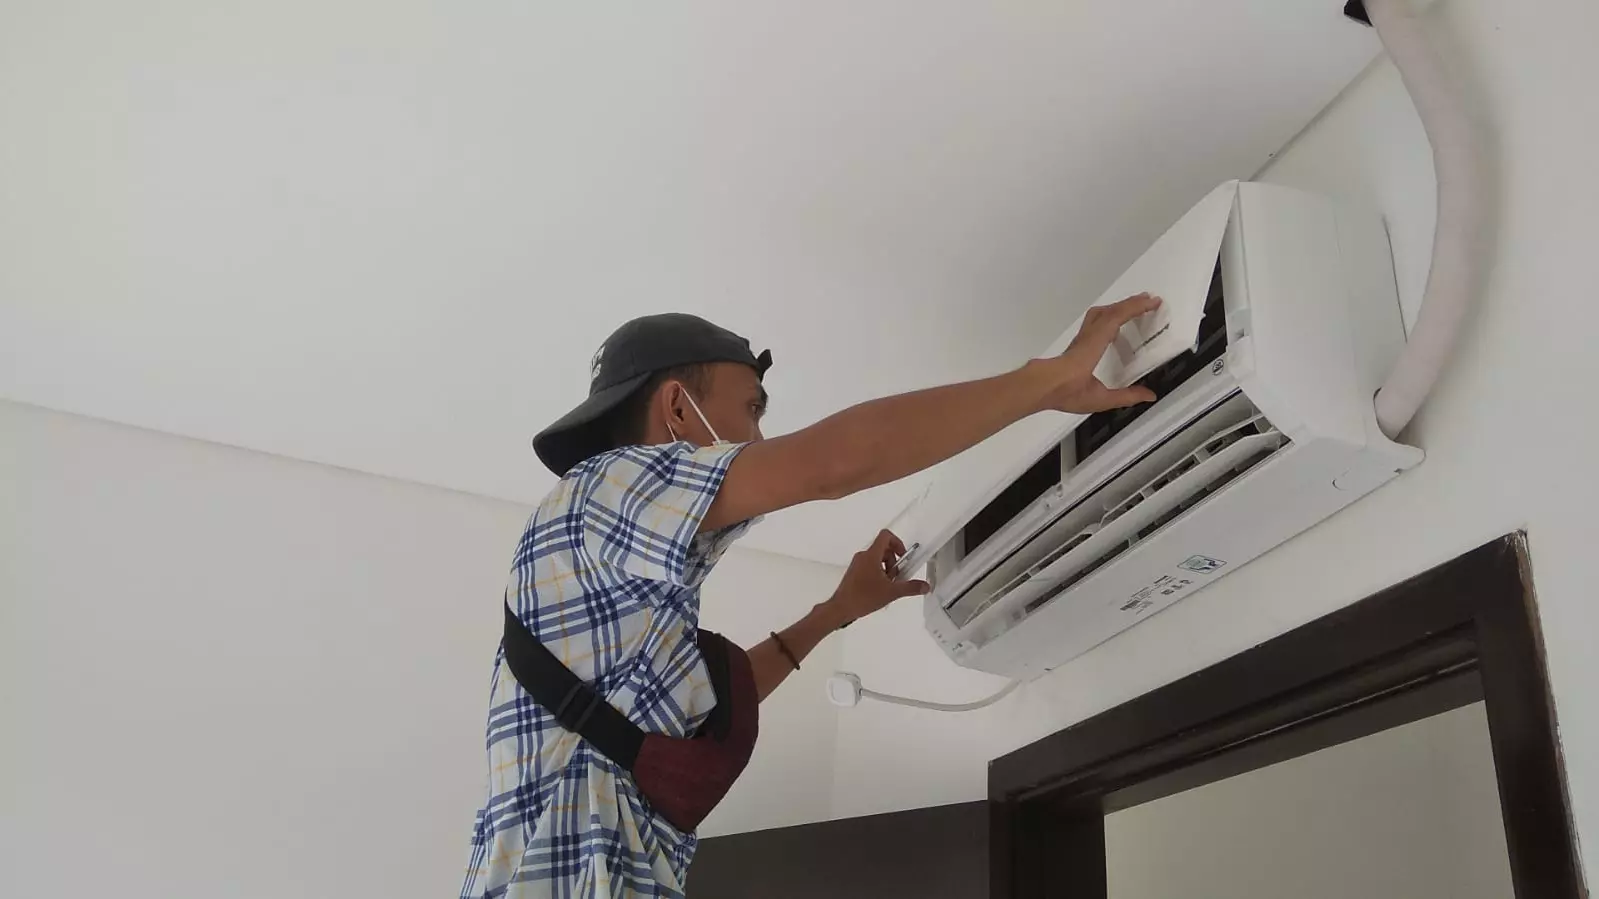 
	
	
	
		
		Layanan perawatan AC Inverter
		
		 Pondok Karya Terdekat Hubungi 6282312979522
		
	
	
	- Terbaik dengan Teknisi Kompeten

TO DO - Where a picture appears, omit it, and otherwise retype the material exactly.

RESPONSE FOR THIS EXERCISE -
		Layanan perawatan AC Inverter
		
		 Pondok Karya Terdekat Hubungi 6282312979522
		
	
	
	- Terbaik dengan Teknisi Kompeten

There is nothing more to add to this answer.